Go across the Maumee/Perrysburg bridge or I475 and get off at route 25 and go to route 65 to Buttonwood Rec. Area . Your best bet though might be heading further south to Waterville or Grand Rapids like Jin said.


----------



## bucky43620 (Jun 10, 2012)

thx for the help guys


----------



## bucky43620 (Jun 10, 2012)

is grand rapids past blue grass island?


----------



## spikeg79 (Jun 11, 2012)

Yeah quite a ways sw of there. It's past Waterville. Grand Rapids Ohio. It's a great little town though, La Roe's has some delicious food.


----------



## KaGee (Sep 8, 2006)

bucky43620 said:


> is grand rapids past blue grass island?


Way past... About 15 miles or so west of Waterville on 24.


----------



## KaGee (Sep 8, 2006)

Maybe it's just the heat, but several unwarranted comments have been removed. Play nice.


----------



## Jdivence (Mar 21, 2012)

Waterville is very shallow right now. Better luck in grand rapids


----------



## maumee_bowman (Feb 23, 2011)

If ur gonna fish in grand rapids you better bring some water because as of right now theres none in the river


----------



## Jin (May 25, 2011)

maumee_bowman said:


> If ur gonna fish in grand rapids you better bring some water because as of right now theres none in the river


Is the water still stinky? I went there last weekend, tons of dead suckers on the shore..........


----------



## spikeg79 (Jun 11, 2012)

Jin said:


> Is the water still stinky? I went there last weekend, tons of dead suckers on the shore..........


Yep still stinks and a bunch of dead fish still laying where water used to be.


----------



## Luda024 (Aug 28, 2011)

I have been catching fish so i don't know what your guys problem is, just got to find the water.


Sent from my iPhone using Tapatalk


----------



## Jmsteele187 (Dec 22, 2011)

How are the water levels above the dam, does anyone know?

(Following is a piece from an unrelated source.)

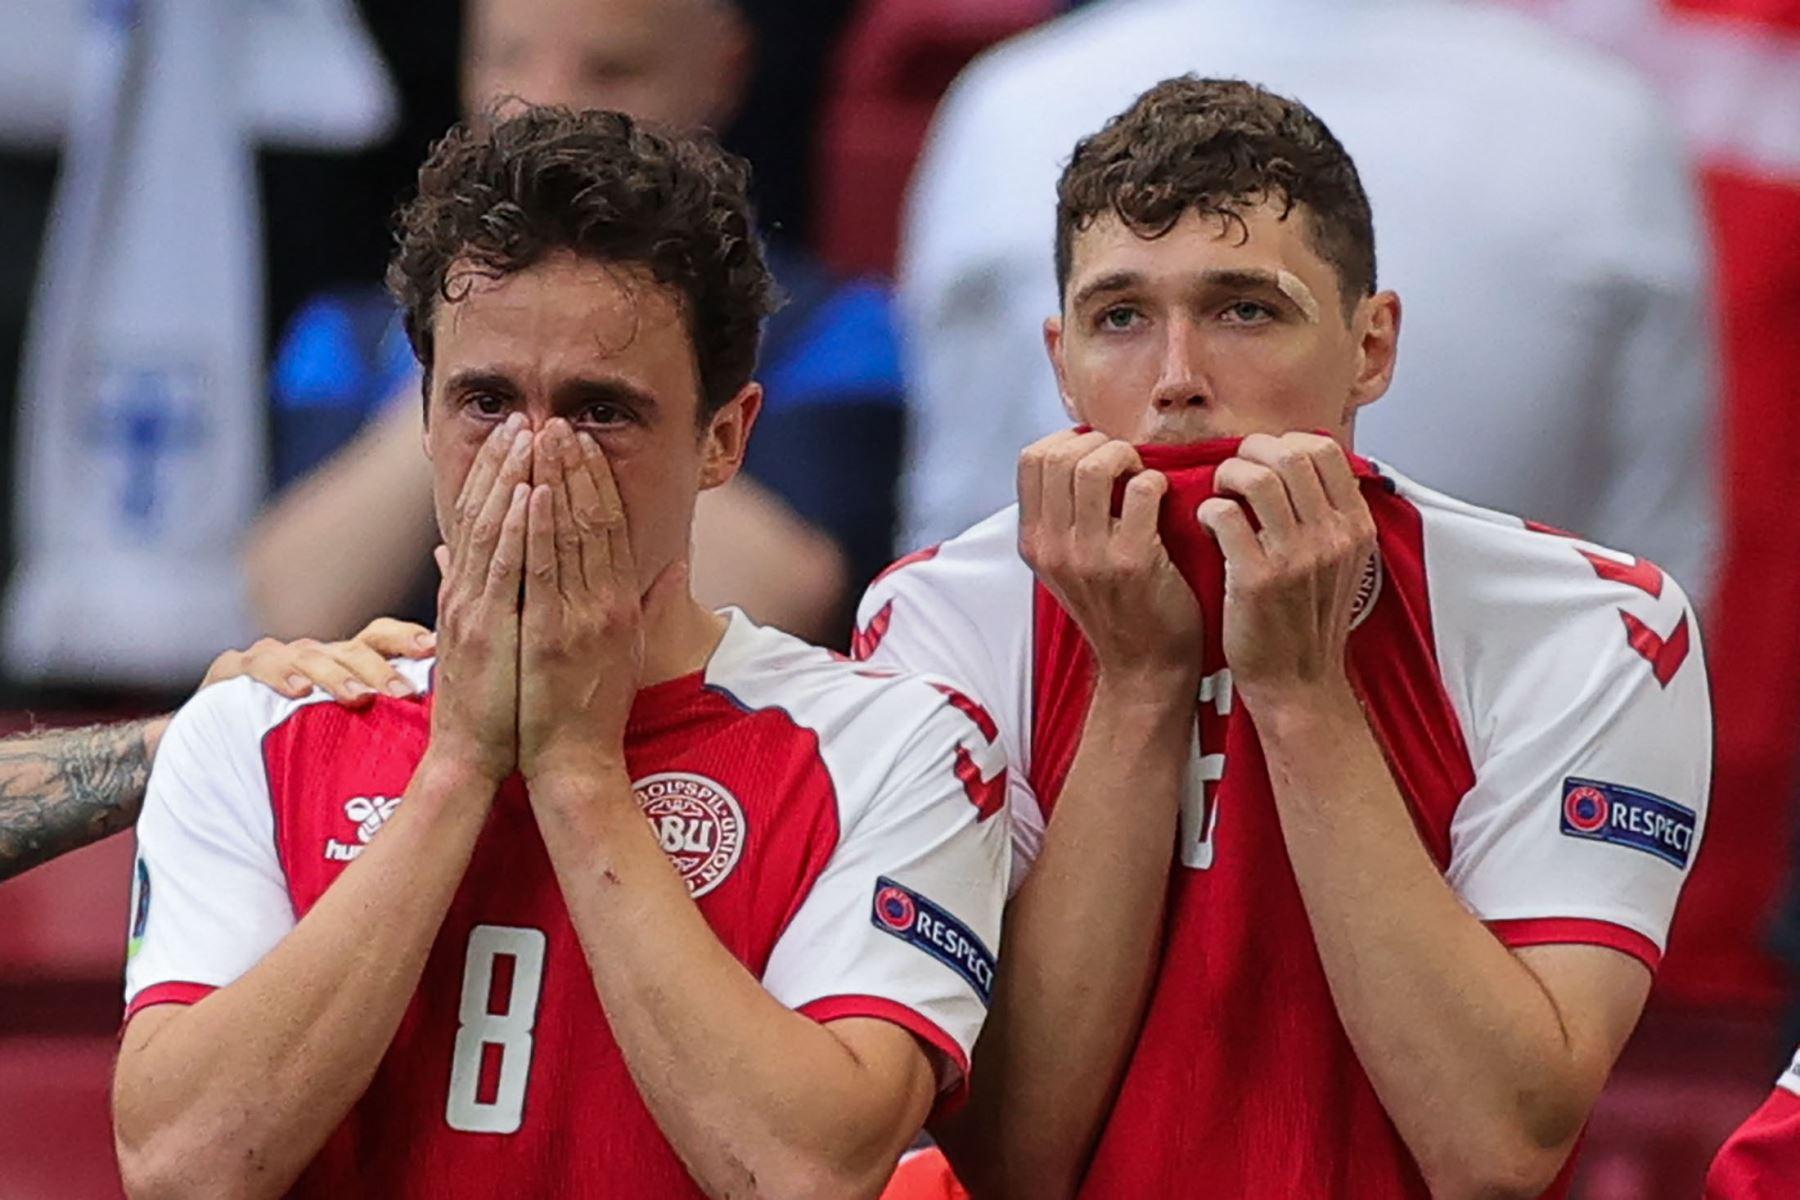 El mediocampista danés Thomas Delaney y el defensor danés Andreas Christensen reaccionan cuando los paramédicos atienden al mediocampista danés Christian Eriksen después de que se derrumbó en el campo durante el partido de fútbol del Grupo B de la UEFA EURO 2020 entre Dinamarca y Finlandia. Foto: AFP

Outdoor Hub mobile, the outdoor information engine


----------



## Jin (May 25, 2011)

Jmsteele187 said:


> How are the water levels above the dam, does anyone know?
> 
> 
> Outdoor Hub mobile, the outdoor information engine


The water level above the dam is normal....at least it's fishable.


----------



## play6832 (Mar 20, 2012)

The water is low but its still fishable I wasnt at the dam area but have been down river from there three times this week and have been catching alot of white bass and Smallmouths . Even getting a few walleys


----------